DUBAI: African nations must do more to cut red tape and develop their infrastructure if they are to attract investment and trade, DP World Chairman, Sultan Ahmad Bin Sulayem, said in Dubai on Tuesday.

Addressing delegates at the Africa Global Business Forum, he said that countries must realise they are competing with states around the world for investment funds.

DP World operates two ports in Algeria and one each in Djibouti, Senegal, Egypt and Mozambique. “The six terminals we have are in partnership with the governments,” Bin Sulayem said at a session on the infrastructure of trade. “It’s working.”

But he said many investors were concerned about risk when considering African investments. DP World is currently in a dispute with the Djibouti government over its port concession there. Bin Sulayem said he could not discuss specifics, as the case was in arbitration, but added that the port is “contributing almost 12 per cent of GDP (gross domestic product) in Djibouti”. “The port is the most modern in Africa, with an amazing infrastructure,” he said.

“Today, if we were to invest in a developed market in Europe — we just built a port in England — it may be that the return is low, but it is safe.

“In Africa there is opportunity, but the risk is perceived by many people. We are investing, so we gave more courage than many people,” he added.

Further highlighting the attraction of growth in Africa, he said Ethiopia’s growth is 20 per cent, and that seven of the top 10 growth nations are in Africa, but warned the continent’s nations faced challenges in both hard infrastructure such as transport links and soft infrastructure such as education and the ease of doing business.

“There is a lot of pressure on infrastructure,” Bin Sulayem said. “Almost half the people of Africa today live in cities. That’s a challenge and an opportunity. You need to build infrastructure. Private-public partnerships are very important. The cash is available, but Africa is not the only place — other places in the world need that cash. They need to show transparency and that they will protect foreign investment.”

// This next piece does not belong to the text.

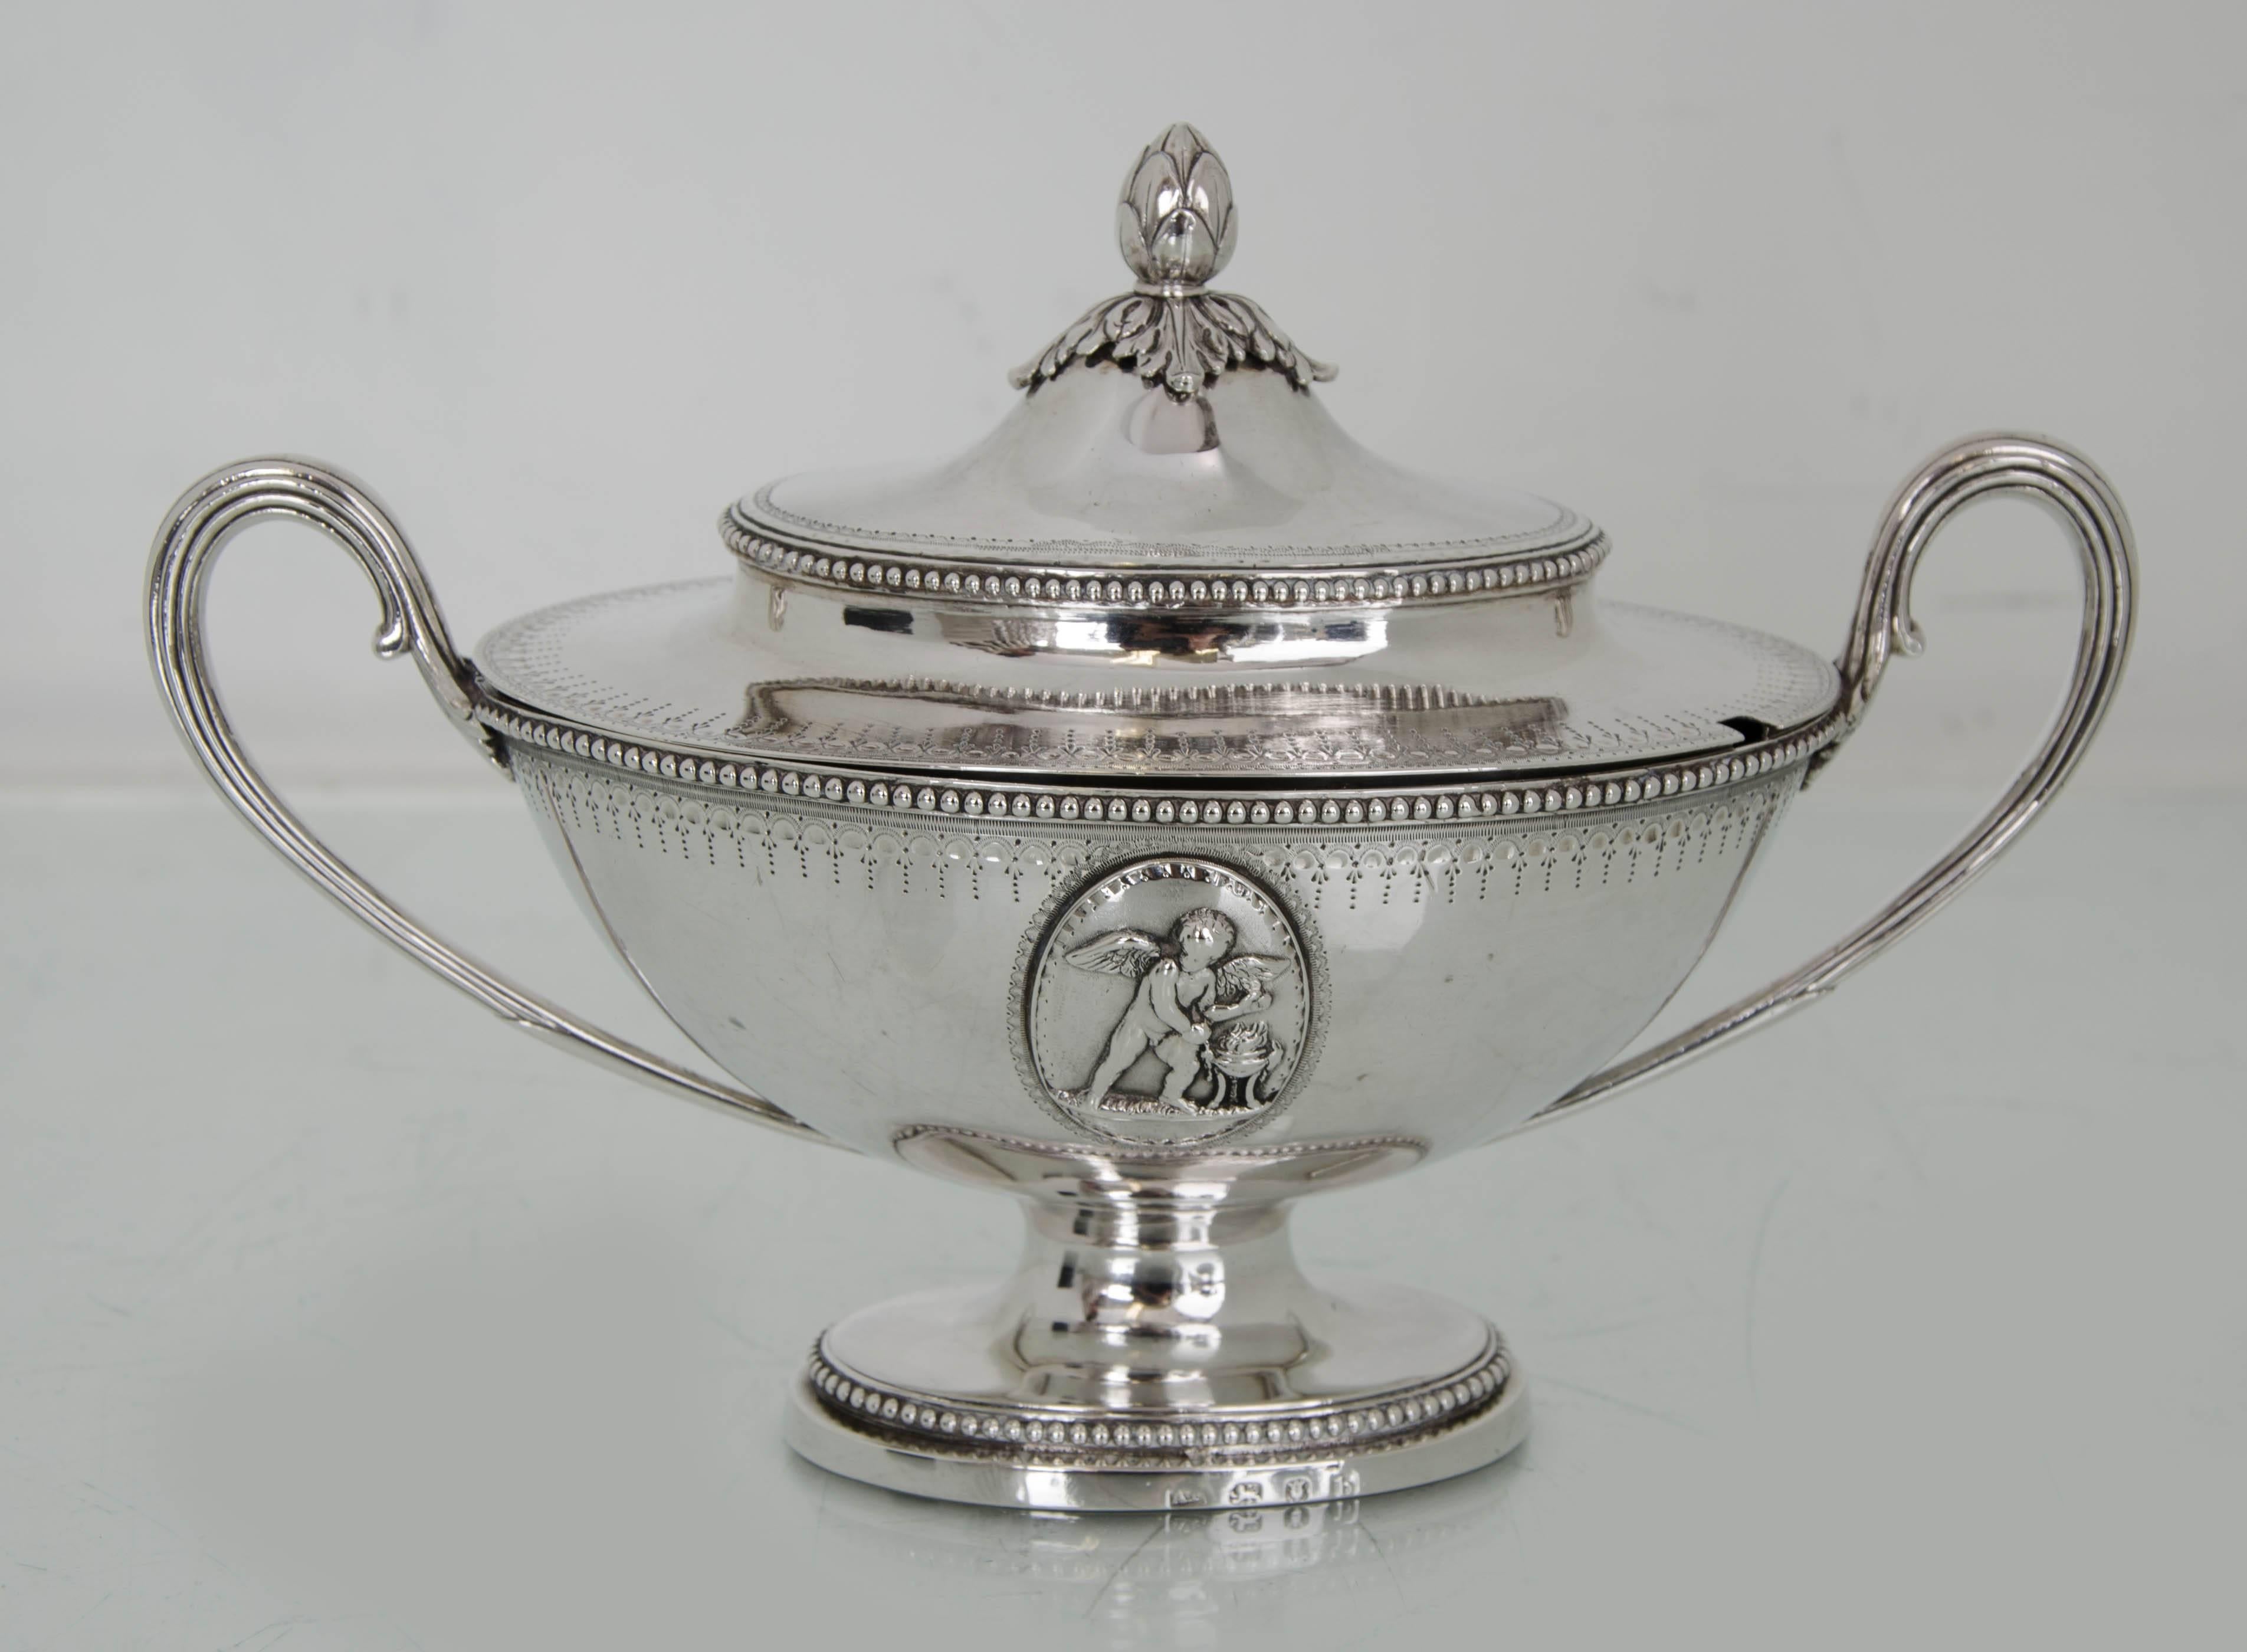 Suite of four 18th century silver sauce tureens London 1777 Andrew Fogelberg

A suite of four beaded sauce tureens with single scroll handles. The sauce tureens benefit from bright cut engraving and applied oval plaques depicting cherubs. The

Raising money within Africa is difficult and expensive, he said, pointing to Nigeria’s 12 per cent interest rate.

But his greatest concern was the cost of bureaucracy in both time and money. “If you put a dollar value on it, it’s a huge amount,” he said. “The system has to adapt.”

He further suggested electronic data interchange (EDI), paperless processing, would help speed processing, increase transparency and reduce corruption. DP World had already helped introduce it to its ports in Algeria with the cooperation of the Algerian government.

Complex paperwork and poor transport links also made intra-African trade difficult, he said, suggesting that if it cost $2,000 (Dh7,340) to ship a container from China to the sea port at Mombasa, Kenya, it might cost another $45,000 to ship it from Mombasa to Uganda.

A briefing note by the Economist Intelligence Unit, commissioned by DP World and presented at the forum on Tuesday, suggested that the creation of the pan-African free trade zone could stimulate $1 trillion worth of economic activity.

Although the proposed trade block, which would harmonise trade between the East African Community, the Southern African Development Community and the Common Market for Eastern and Southern Africa is due to become active in 2017. It has yet to be ratified by national parliaments.